● **Problem statement**
From top to bottom, write out the listing exactly and skip every picture.

● **Dataset extract**

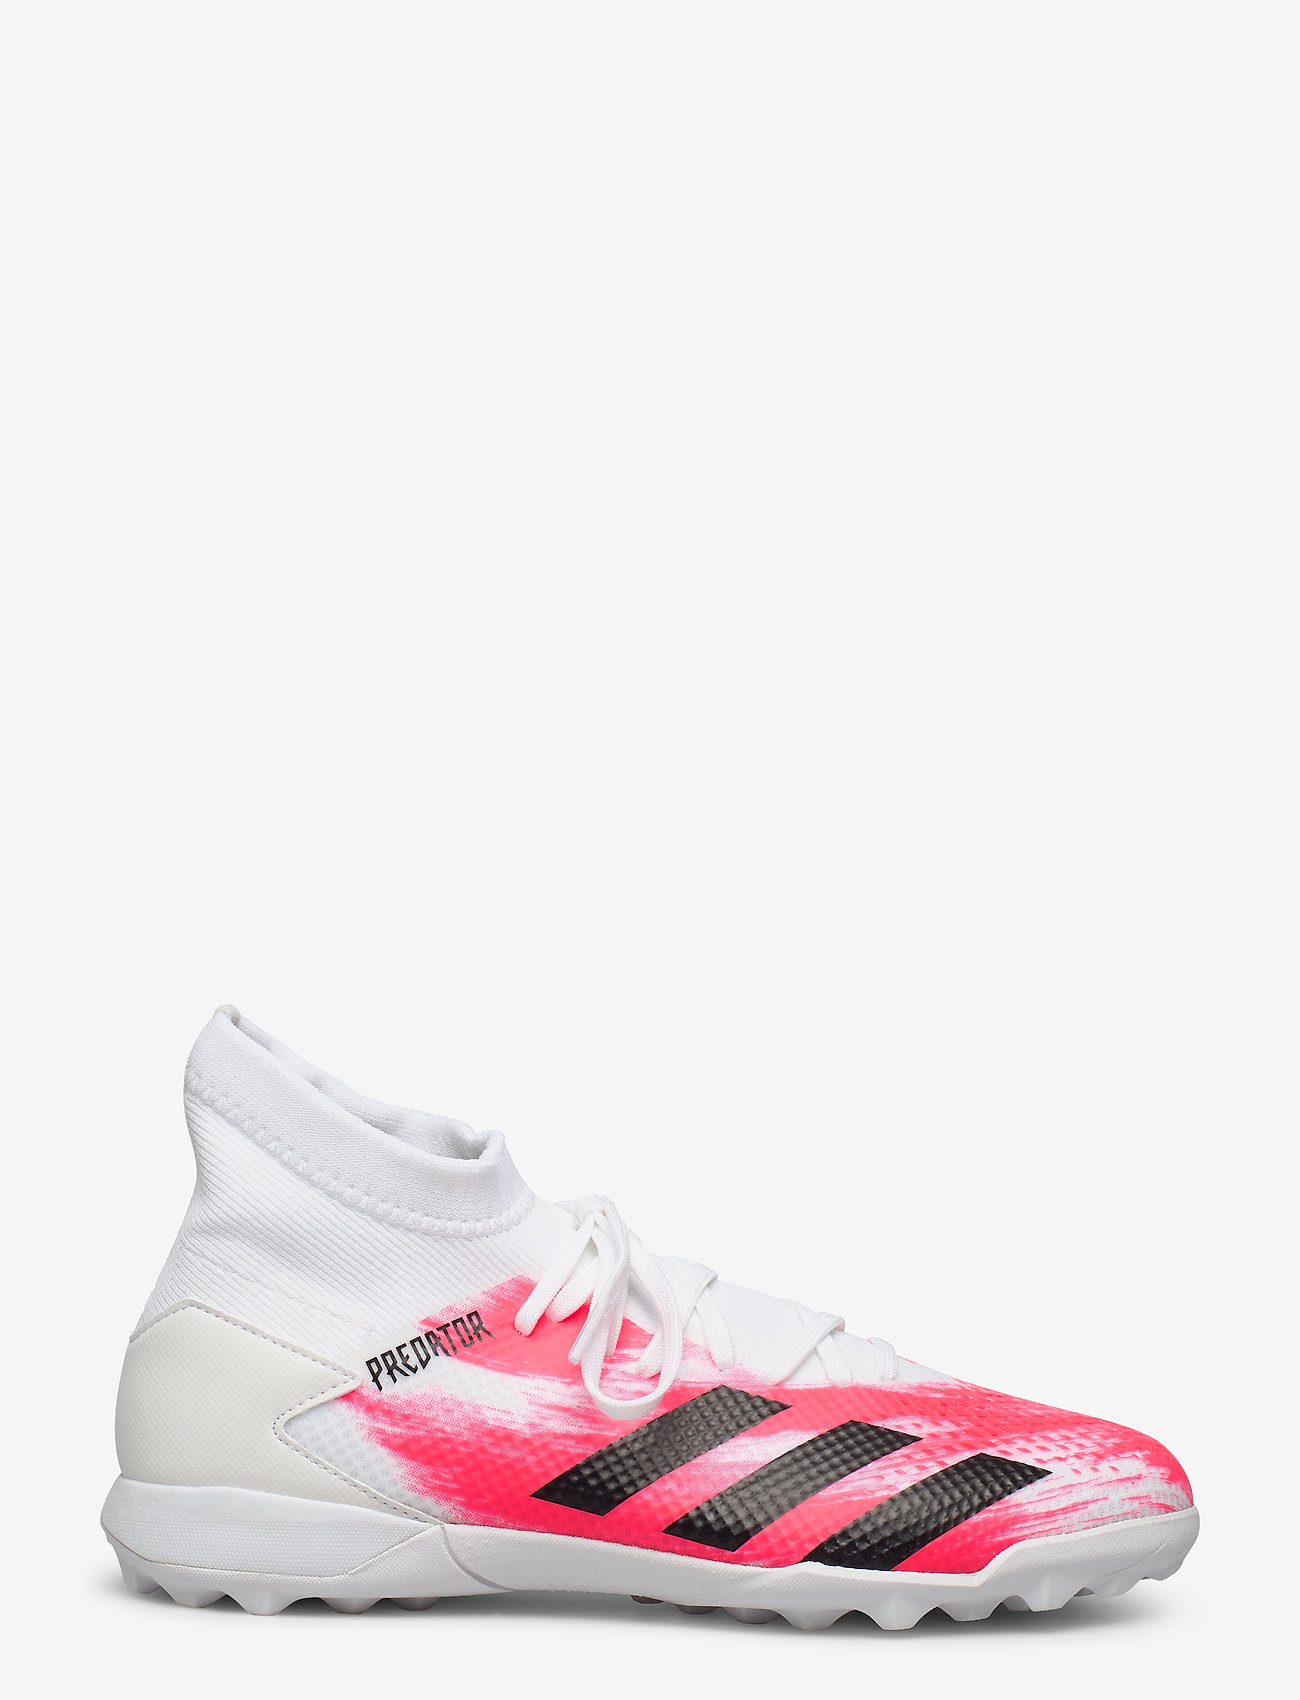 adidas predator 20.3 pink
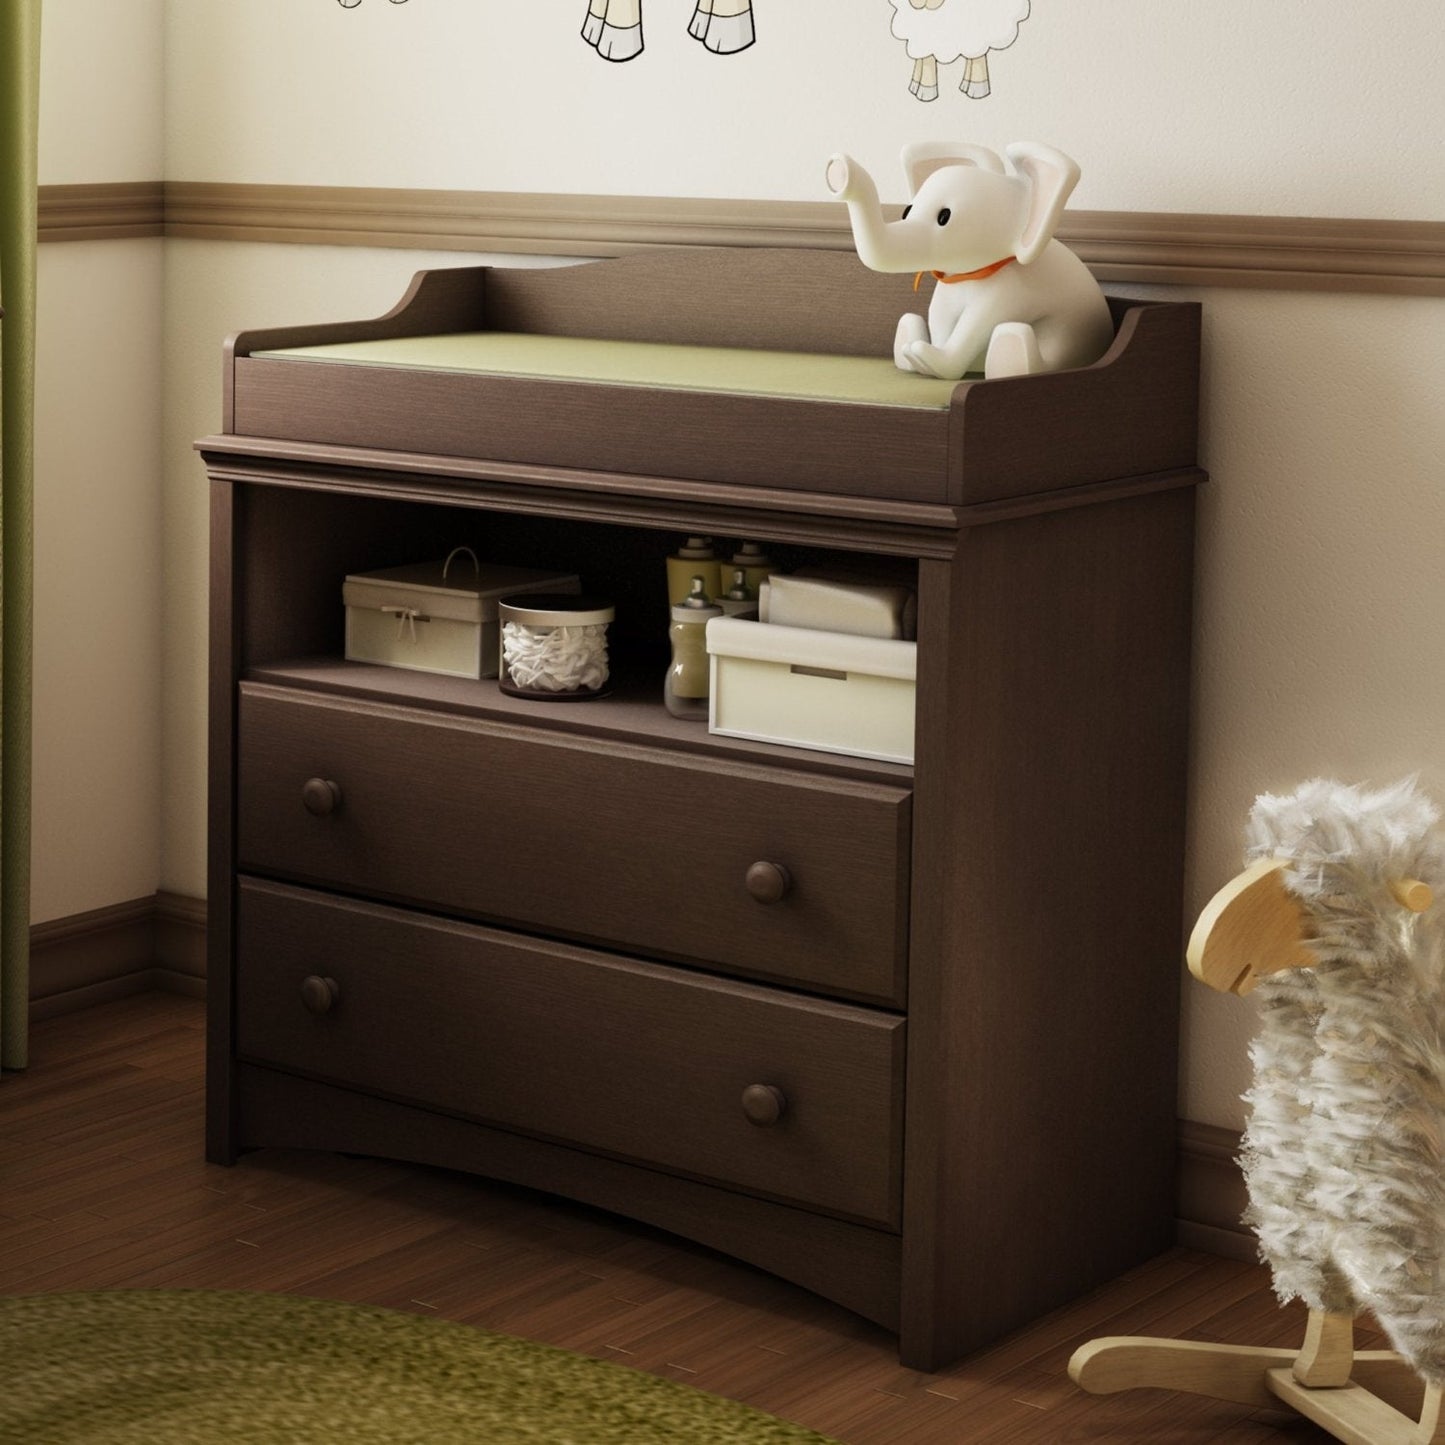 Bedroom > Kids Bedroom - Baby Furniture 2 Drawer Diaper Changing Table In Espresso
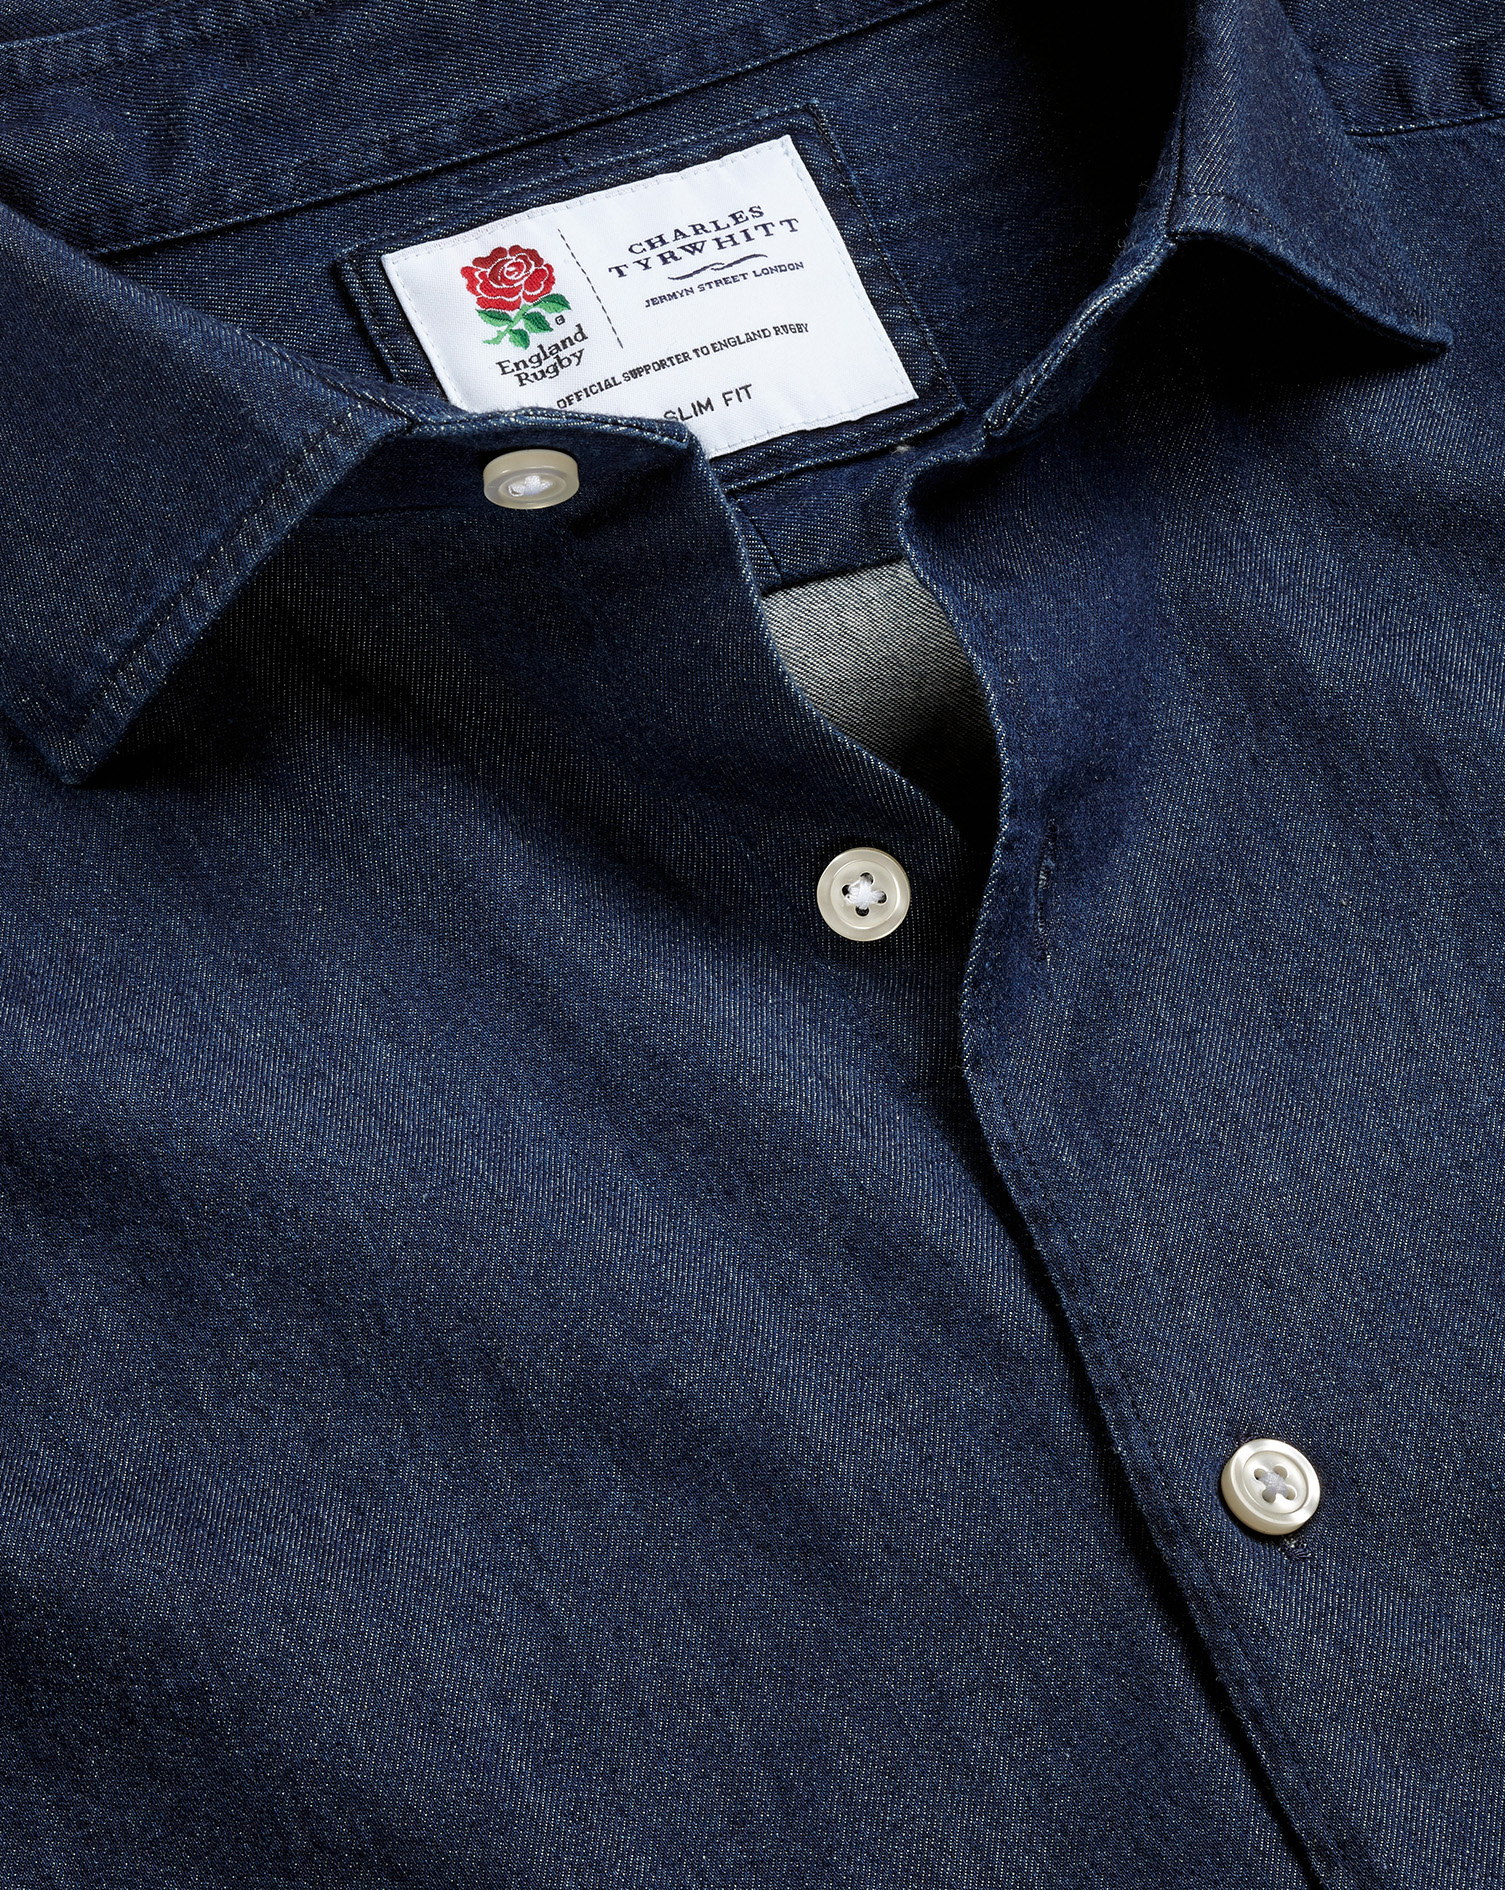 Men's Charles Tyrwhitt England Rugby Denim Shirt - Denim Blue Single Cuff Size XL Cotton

● **Response to the task**
 adidas predator 20.3 pink
 Bedroom > Kids Bedroom - Baby Furniture 2 Drawer Diaper Changing Table In Espresso
 Men's Charles Tyrwhitt England Rugby Denim Shirt - Denim Blue Single Cuff Size XL Cotton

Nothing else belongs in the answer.